InsuranceERM Annual Awards 2022 - UK & Europe

Young actuarial and risk professional of the year

Ivan HerbochIvan Herboch's contributions to French reinsurer Scor's risk operations has seen him take the 2022 young actuarial and risk professional of the year award.

Recently promoted to deputy chief risk officer for property and casualty at Scor Ireland, Herboch's key distinctions in the past 12 months include co-authoring the firm's technical newsletter on modelling physical climate change risk in October 2021.

He also contributed to Scor's "deep-dive risk analyses" on perils including inflation, cyber and terrorism, and has presented over 20 of these analyses to the group and board risk committee over the past five years.

Herboch cites his "genuine interest in understanding risk" as being crucial to his contributions.

"I have worked on a number of new or less well-known risks such as cyber, antibiotic resistance, chemical terrorism and climate change," he says.

"The development of scenarios and risk analyses for Scor's risk committees is appreciated by the executive committee and the directors as they highlight new risks and what they mean for the company in terms of potential consequences."

Before joining Scor as a risk manager in 2017, Herboch spent nearly two years at Deloitte in France as a consultant for actuarial and insurance solutions. He began his re/insurance career in pricing at Axa in 2014.

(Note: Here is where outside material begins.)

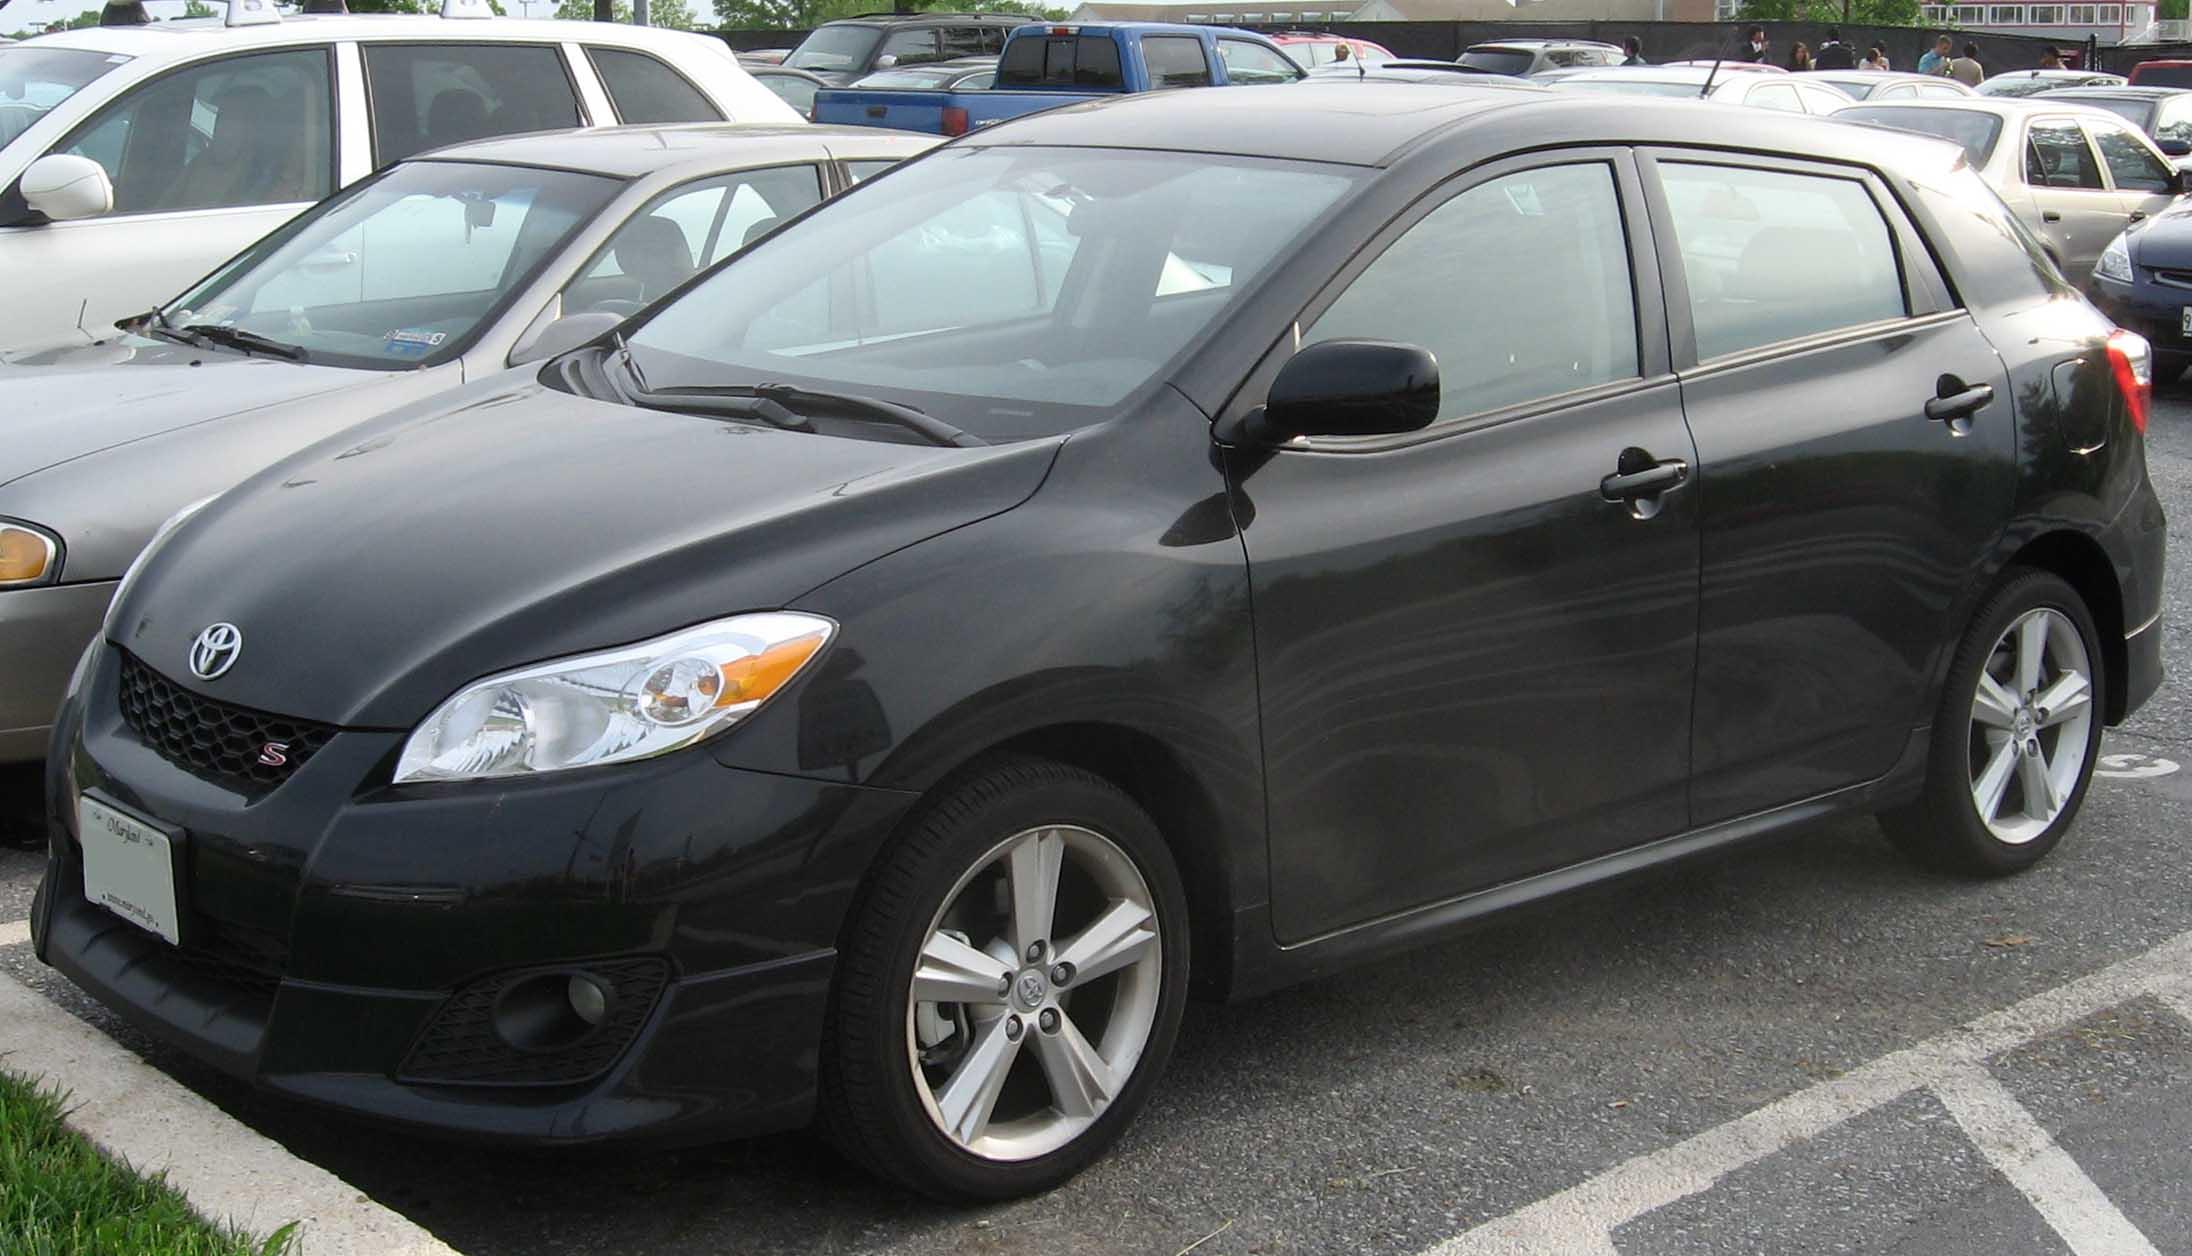 File:2009 Toyota Matrix S.jpg - Wikimedia Commons

Herboch is an engineering graduate of Ecole Centrale Paris, where he specialised in applied mathematics, and holds a master's degree in actuarial science from Université Paris Dauphine.

"Insurance (or at least the first hints of risk-transfer mechanisms) has its origins in Babylon during antiquity and was first created to limit the risks merchants were taking when conducting long-distance trade," says Herboch.

"I find it fascinating that the re/insurance industry we know today goes back so far. For me, that's the proof of the tremendous usefulness of our sector."

After eight years in the sector though, Herboch is quick to point out "tomorrow's world is maybe not the same as yesterday's."

"While actuarial models are usually based on historical data, they also include expert judgements, and it is increasingly necessary to develop networks within the company to ensure that the assumptions made in pricing/reserving are consistent between the various teams.

"Risk professionals (and actuaries working in risk management) will need even more in the future to understand which assumptions are made by the pricing and reserving teams (and how they are made)."

He points out there are three distinctive qualities needed for successful future risk managers, namely curiosity, the ability to summarise effectively and to be quantitative.

"The risk universe is infinite and because whatever can happen will happen, a risk manager must be curious about possible events to try to see if and how they could be relevant.

"All the information the top management requires to understand a risk will be there somewhere within the company's wide range of expertise. But it is there in a raw form, which the risk manager needs to refine and reproduce in a clear and accessible way.

"While not all risk managers are actuaries, or even quantitative, I believe the quantitative component of the risk manager role will increase in the future."